Arnold slowly sat up.
"Upon my word!" he exclaimed. "Why not. Why shouldn't you stay in the country for the summer? I hate London, too. There are cheap tickets, and bicycles, and all sorts of things. I wonder whether we couldn't manage it."
She said nothing. His thoughts were busy with the practical side of it. There was an opportunity here, too, to prepare her for what he felt sure was inevitable.
"You know, Ruth," he said, "I don't wish to say anything against Isaac, and I don't want to make you uneasy, but you know as well as I do that he has a strange maggot in his brain. When I first heard him talk, I thought of him as a sort of fanatic. It seems to me that he has changed.

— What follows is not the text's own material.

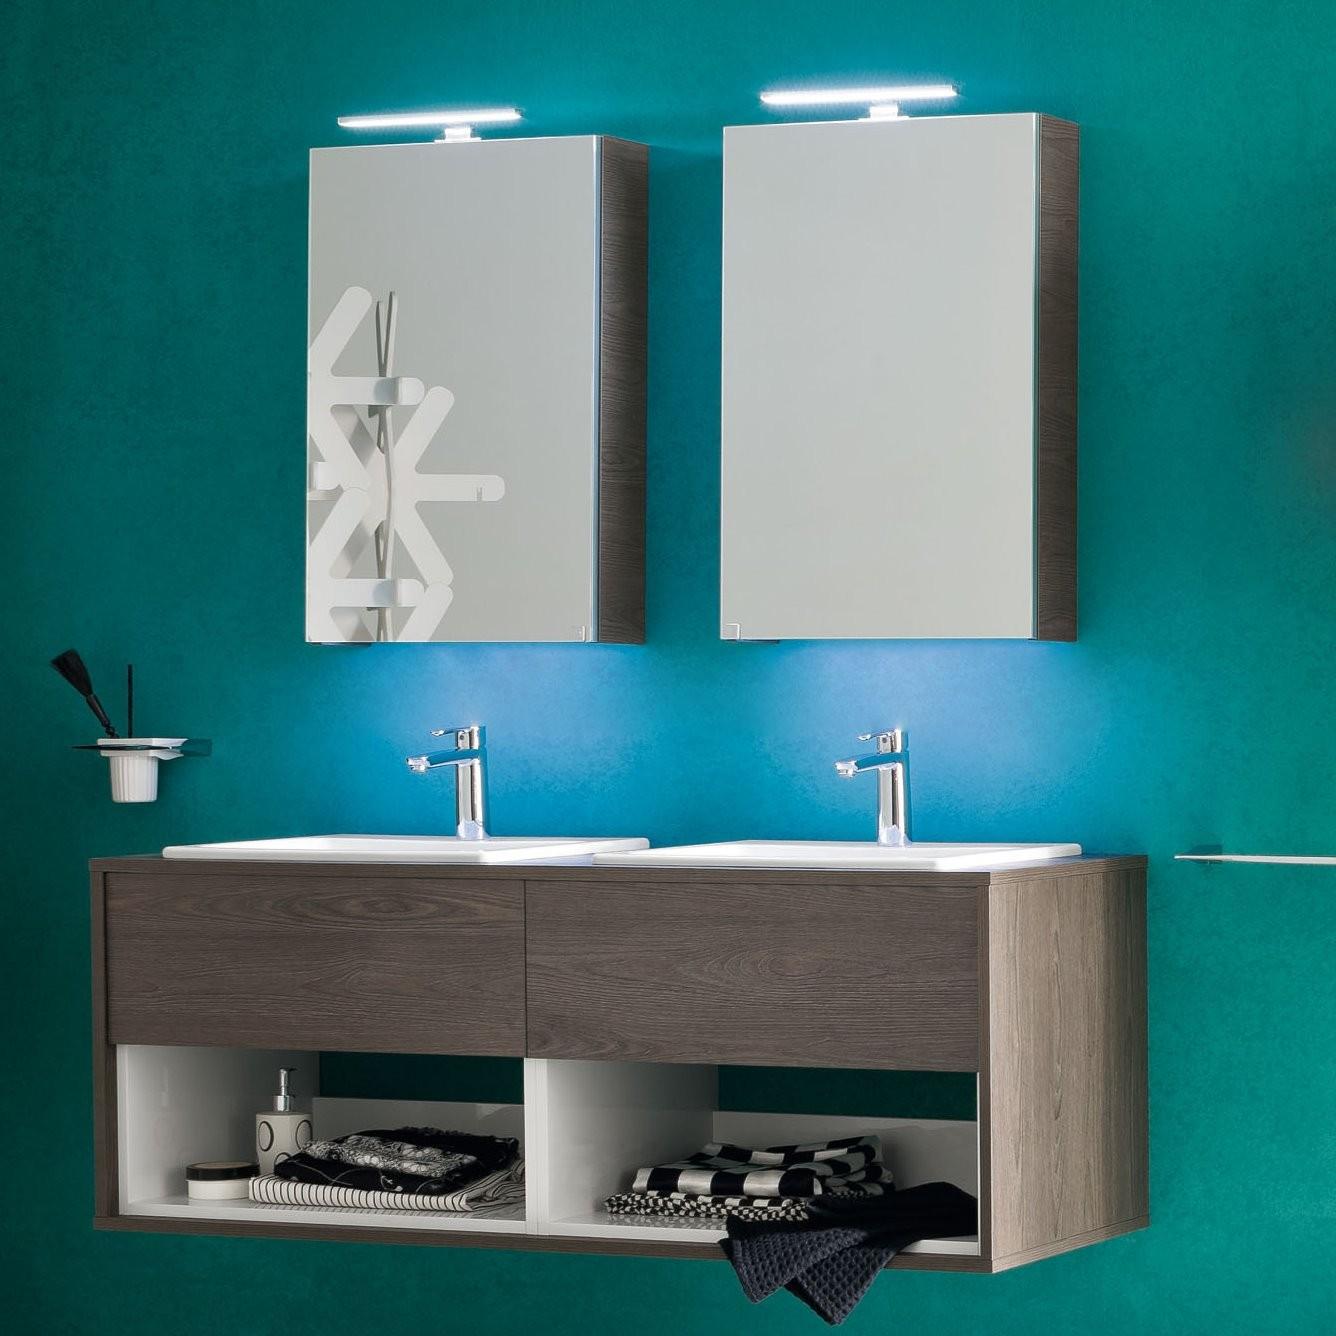 Arredaclick blog il progetto di flavia mobile bagno sospeso con doppio lavabo arredaclick - Due lavandini bagno ...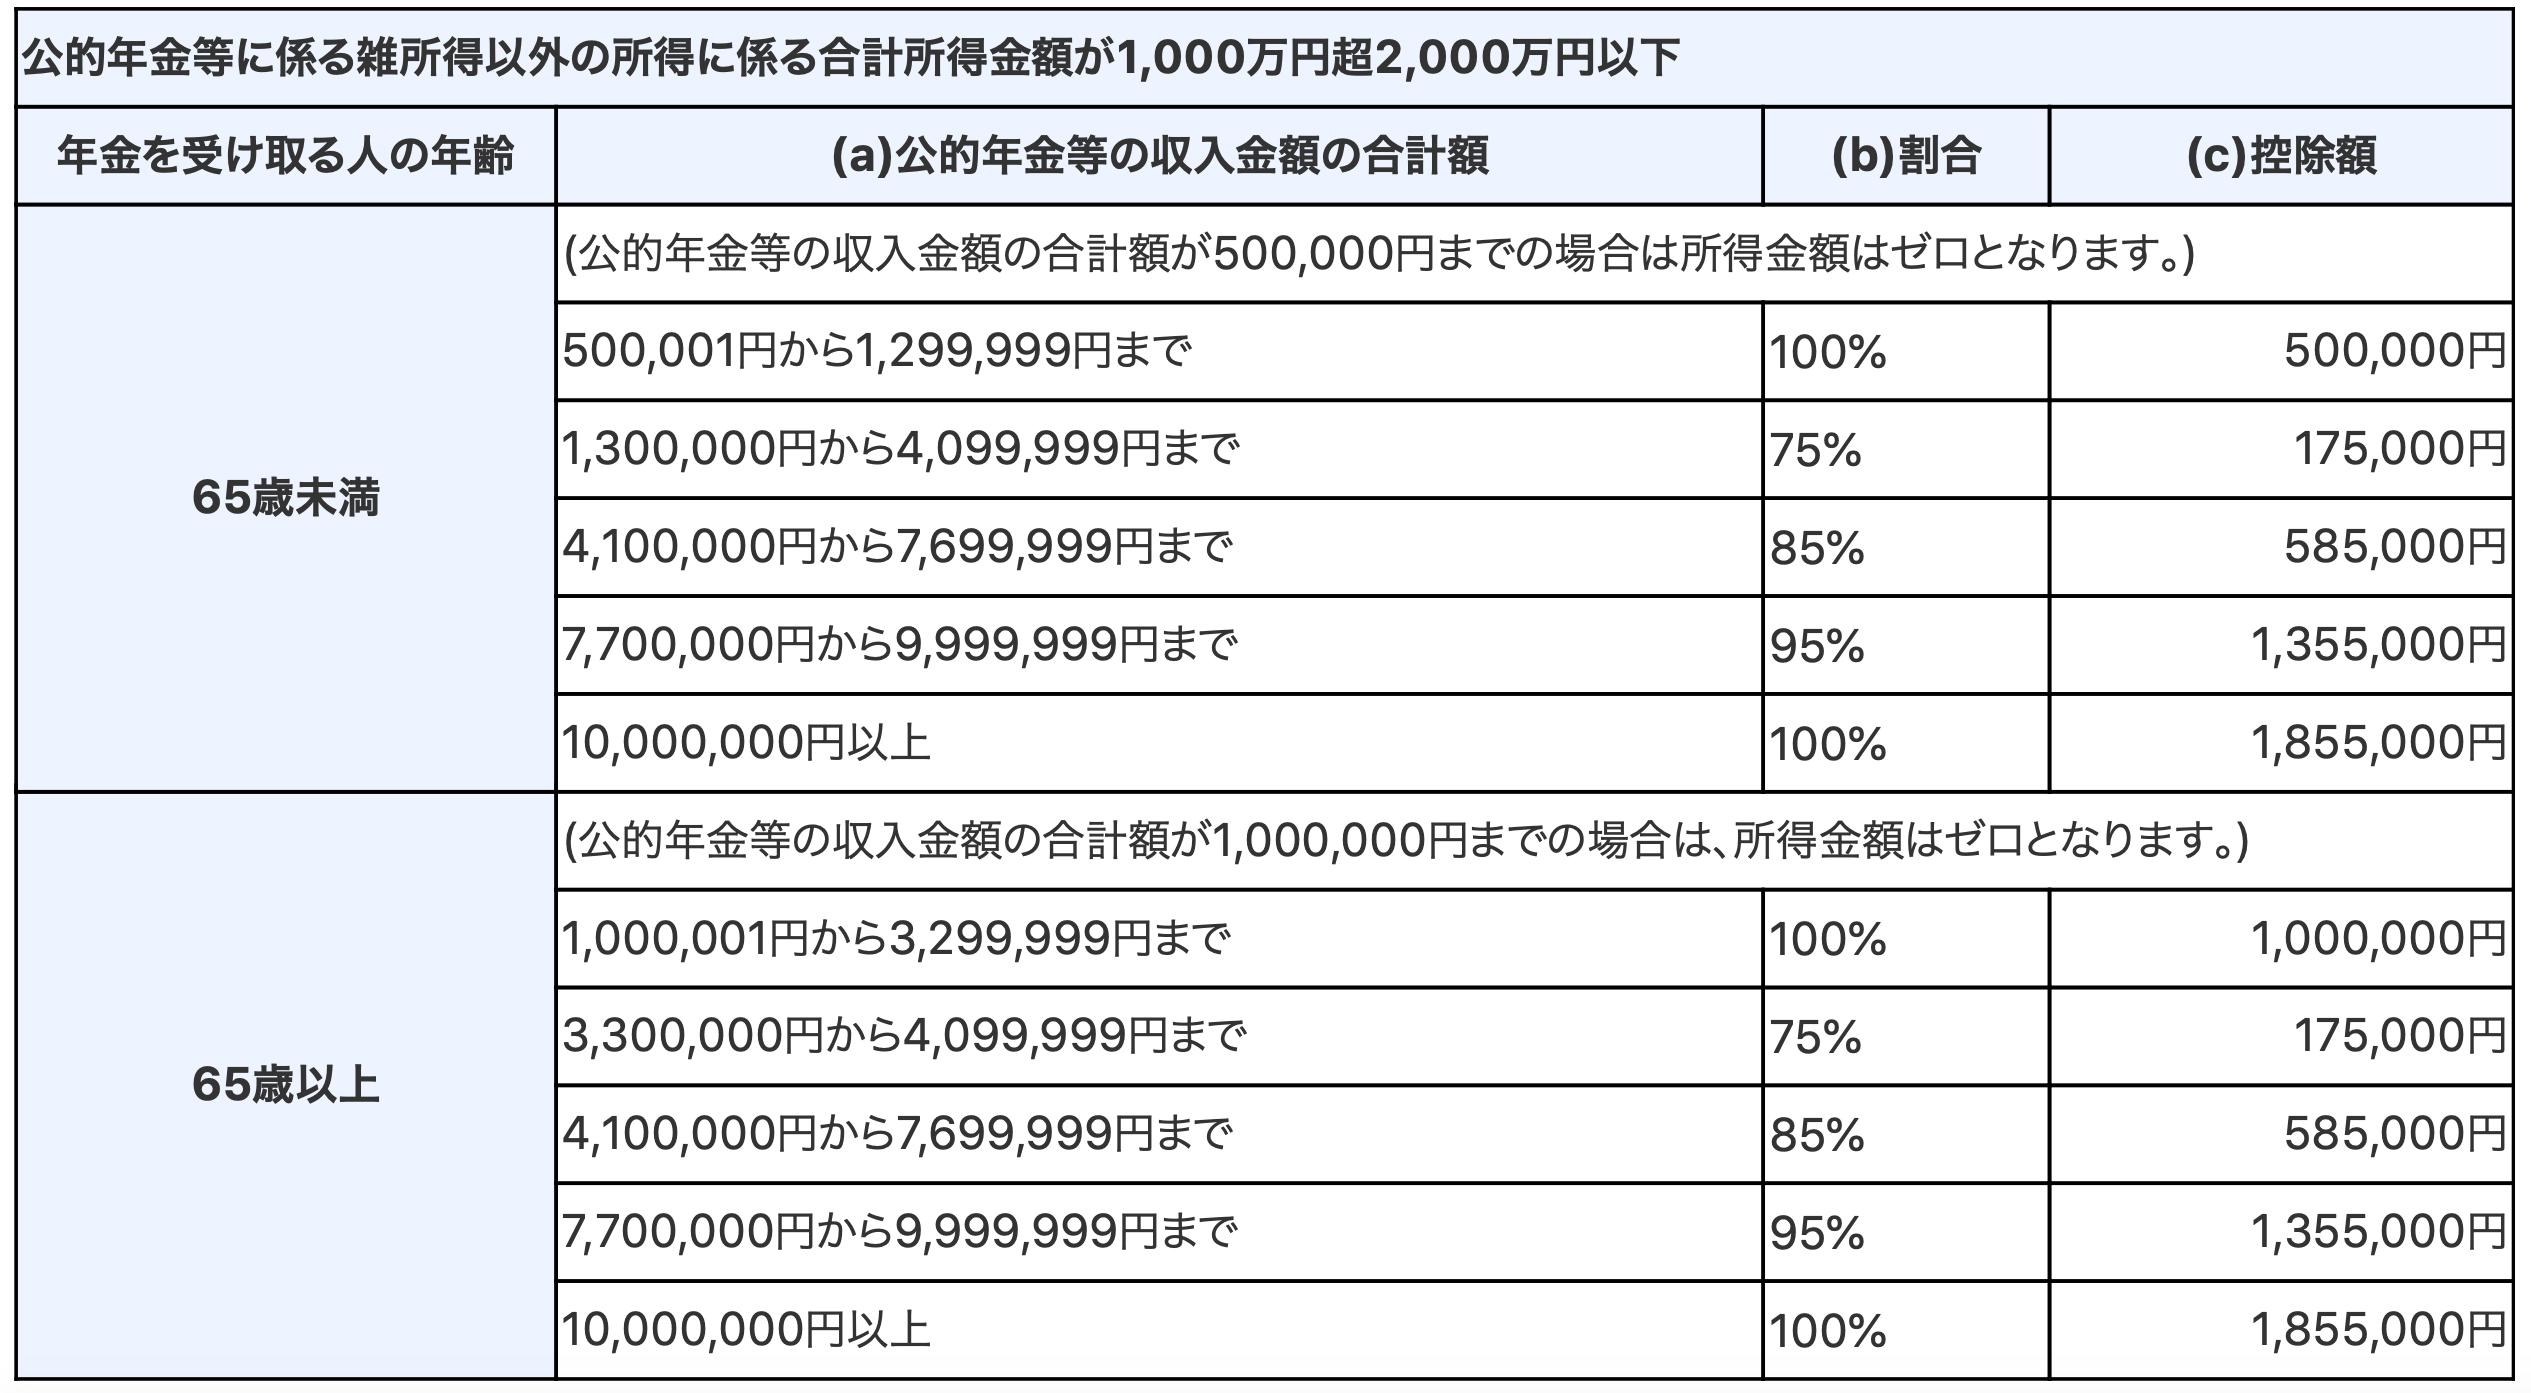 公的年金等の雑所得 控除表 令和2年以降2

I am not sure that such changes as have taken place in him lately have not been for the worse."
"Tell me what you mean?" she begged.
"I mean," he continued, "that Isaac, who perhaps in himself may be incapable of harm, might be an easy prey to those who worked upon his wild ideas. Hasn't it struck you that for the last few days—"
She clutched at his hand and stopped him.
"Don't!" she implored. "These last few days have been horrible. Isaac has not left his room except to creep out sometimes into mine. He keeps his door locked. What he does I don't know, but if he hears a step on the stairs he slinks away, and his face is like the face of a hunted wolf. Arnold, do you think that he has been getting into trouble?"
"I am afraid," Arnold said, regretfully, "that it is not impossible. Tell me, Ruth, you are very fond of him?"
"He was my mother's brother—the only relative I have in the world," she answered. "What could I do without him?"